Belching and Flatulence: Objective Data

Additional Subjective Data

It will be useful to inquire about the occurrence of heartburn, problems with digesting products containing lactose, abdominal pain, and the frequency of belching. Reports of increased thirst and hunger are also expected. Finally, stress and depression can be reported by the patient.

Additional Objective Data

To account for possible causes of belching and flatulence, the presence of hydrogen in the breath needs to be measured. If the patient keeps a “flatus diary,” the data from it can be useful.

National Guidelines

Due to the high level of cholesterol, National Guidelines on preventing heart disease and stroke are appropriate to consider, especially about the possibility of artery blockage suggested by hyperlipidemia. Also, hyperlipidemia and digestion problems suggest the appropriateness of consulting National Guidelines on type 2 diabetes.

Tests and Rationale

Belching and flatulence suggest the possibility of bacterial overgrowth. Thus, a hydrogen breath test needs to be administered. Next, celiac disease tests may be necessary to determine the wheat, barley, and rye absorption as a possible cause of eructation and flatulence (Rubio-Tapia, Hill, Kelly, Calderwood, & Murray, 2013). In extreme cases, pancreatic insufficiency may be the reason for the symptoms, in which case exocrine pancreatic insufficiency test may be necessary. Finally, the triglyceride test may be required to confirm the hyperlipidemia, since both HDL and total cholesterol levels are consistent with the possibility.

Consult

The patient’s case does not present any issues that may require the assistance of consult. However, the familial nature of some conditions (e.g. hyperlipidemia) may create additional difficulties, in which case seeking the aid of the consult is advisable.

Medical and Nursing Diagnoses

The patient’s symptoms are consistent with medical conditions of hyperlipidemia and indigestion, belching, and chest pressure possibly caused by angina or other heart diseases, and high blood pressure (Sabatine & Cannon, 2015). The nursing diagnoses are belching, flatulence, inappropriate nutrition, lack of proper knowledge of causes for intestinal gas buildup, lack of understanding of required dietary habits, excessive weight, anxiety, fatigue and stress associated with it, increased thirst and/or hunger resulting from hyperlipidemia, instances of depression, and lack of knowledge for over-the-counter supplements that may relieve gas buildup.
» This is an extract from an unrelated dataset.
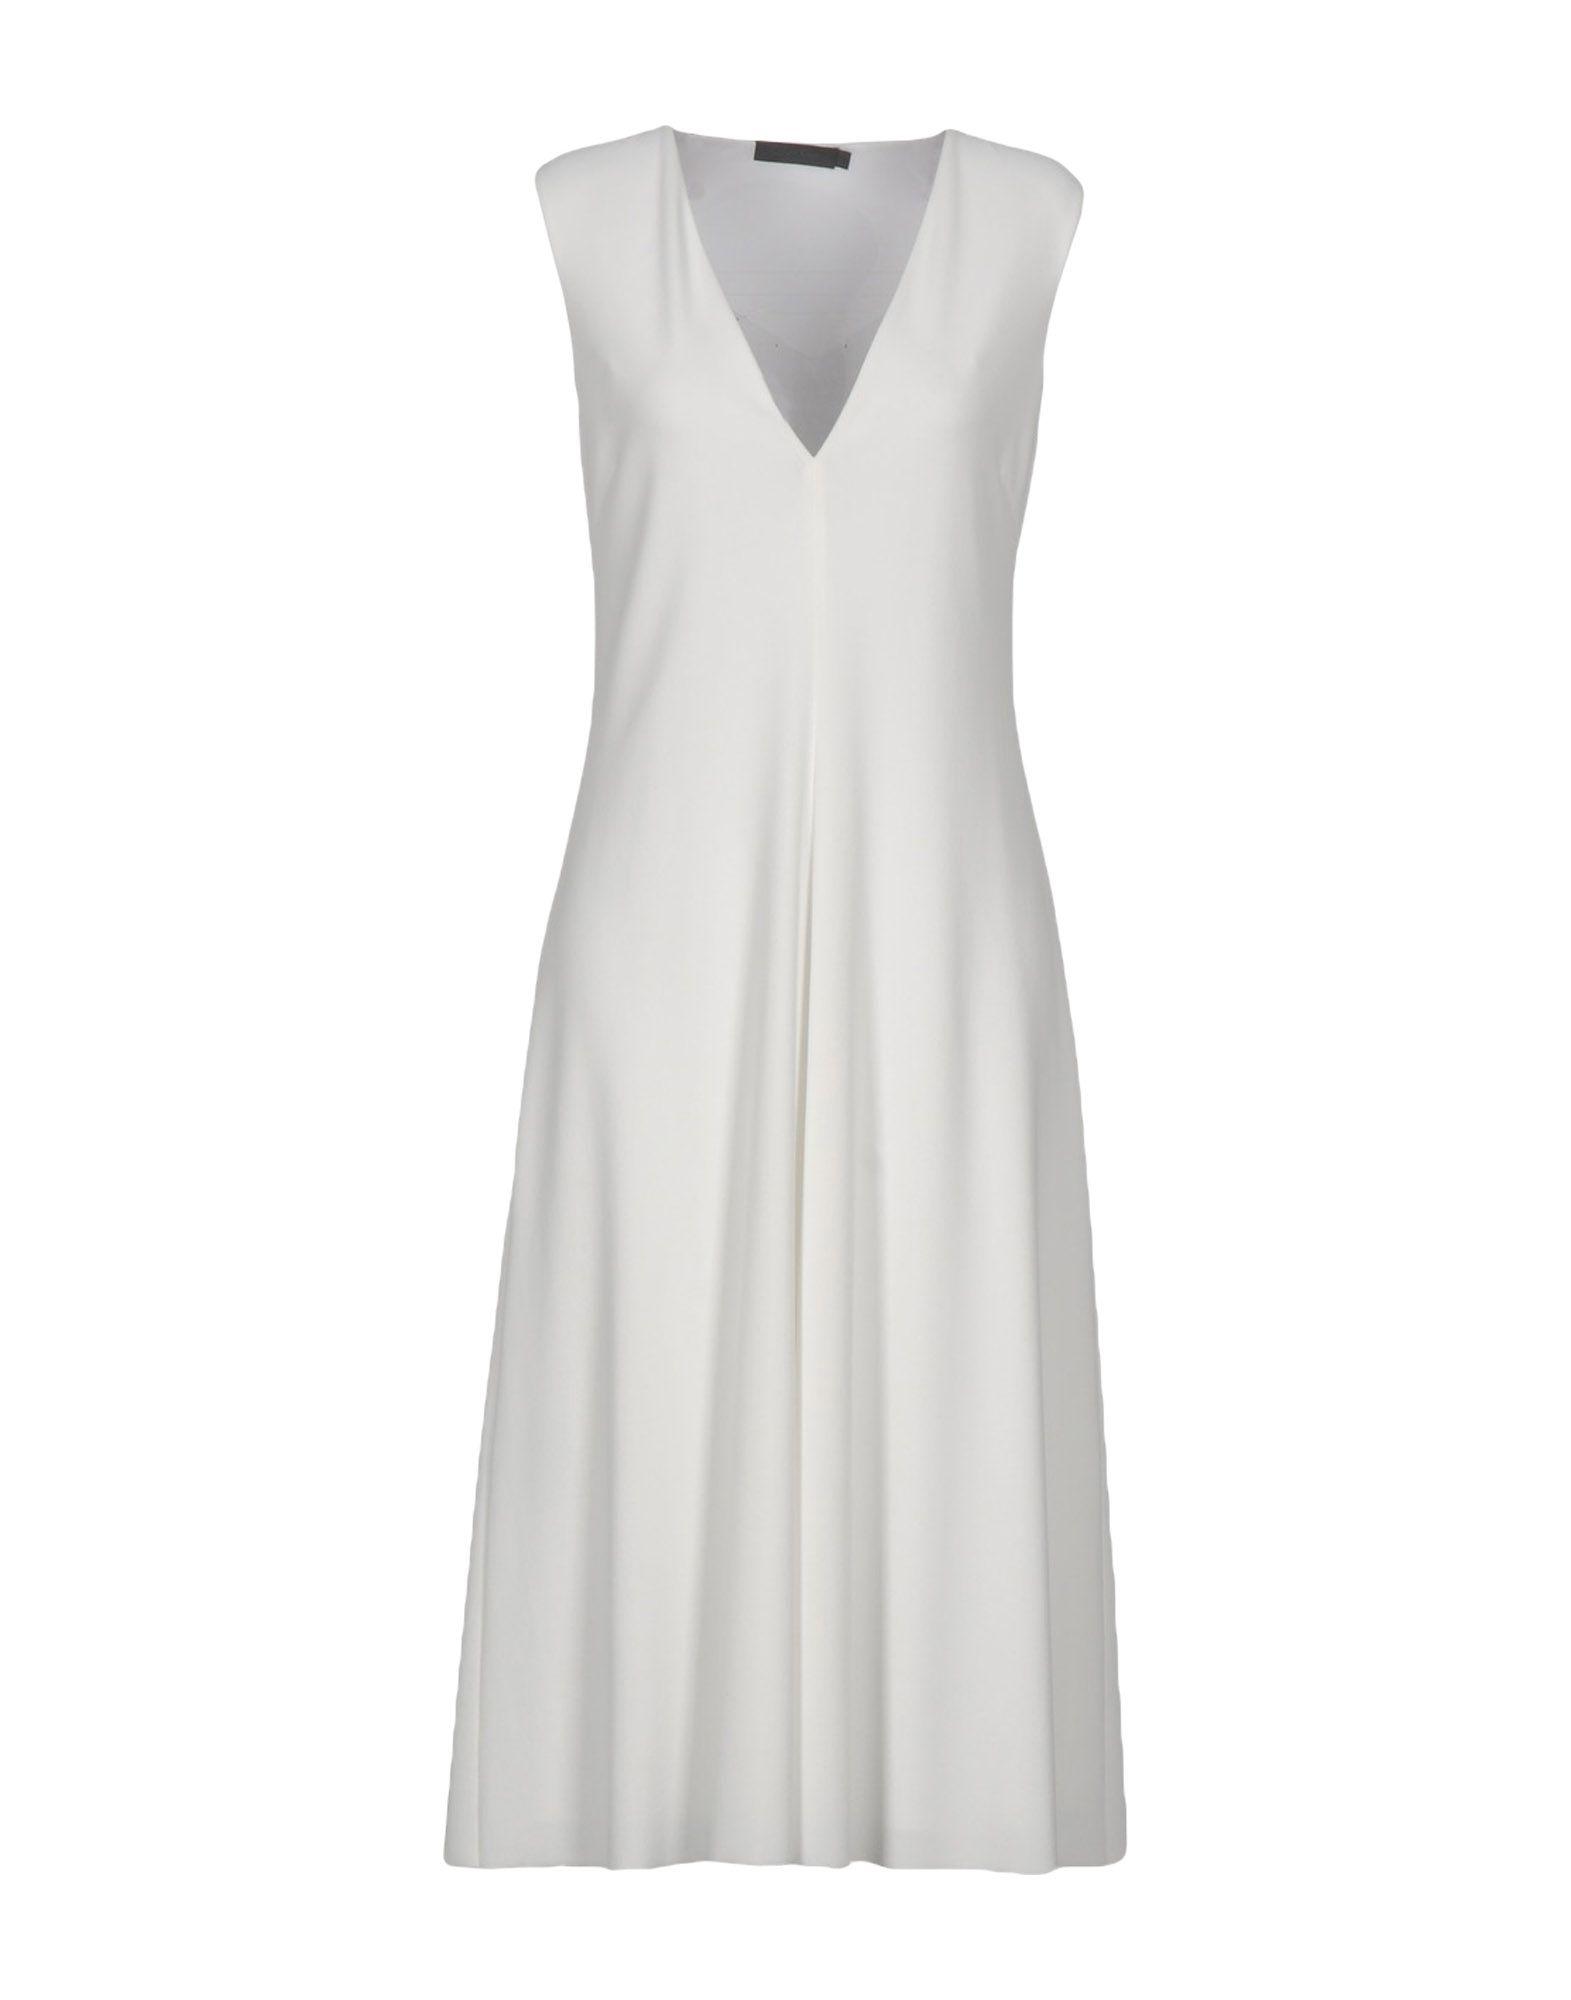 CALVIN KLEIN COLLECTION Платье до колена

Legal and Ethical Considerations

The main issue with the patient is that some of his conditions may be familial and, by extension, suffer from the same lack of understanding of dietary habits. However, while some outcomes may be prevented by healthy eating, other treatment options may result in complications. These issues should be carefully considered.

Plan of Care

Medical care includes medications such as Nexium or Lipitor, depending on test results. If clotting or artery blockages are identified, artery-relaxing or blood-thinning medications may be added. Digestive enzymes are recommended to assist digestion as a supplement. Nursing care includes nutritional regiment maintenance, fluid intake monitoring, anxiety reduction, and educating the patient on helpful techniques.

Healthy People 2020 Objectives

Several objectives are consistent with the case, such as reduction of the proportion of adults with high TC levels, increase awareness of symptoms of and response to stroke, and an increase of the proportion of physicians offering consultations on nutrition and weight.

Circle of Caring

Depending on their health condition, the patient’s family members can be a part of the circle of caring, especially considering the proximity of the children. Next, a counselor is recommended to help to overcome stress and depression. Finally, integrative therapists must be included, although test results are needed to confirm this option.

Additional Patient Teaching

The patient would benefit from the knowledge of relaxation techniques and exercises for preventing gas buildup, ways of self-diagnosis and cause detection, monitoring techniques (e.g. flatus diary), identification of undesirable foods and beverages, and self-reflection to identify causes of anxiety as connected to a health condition.

References

Rubio-Tapia, A., Hill, I. D., Kelly, C. P., Calderwood, A. H., & Murray, J. A. (2013). ACG clinical guidelines: diagnosis and management of celiac disease. The American Journal of Gastroenterology, 108(5), 656-676.

Sabatine, M. S., & Cannon, C. P. (2015). Approach to the patient with chest pain. Braunwald’s Heart Disease: A Textbook of Cardiovascular Medicine. Philadelphia, PA: Elsevier Saunders.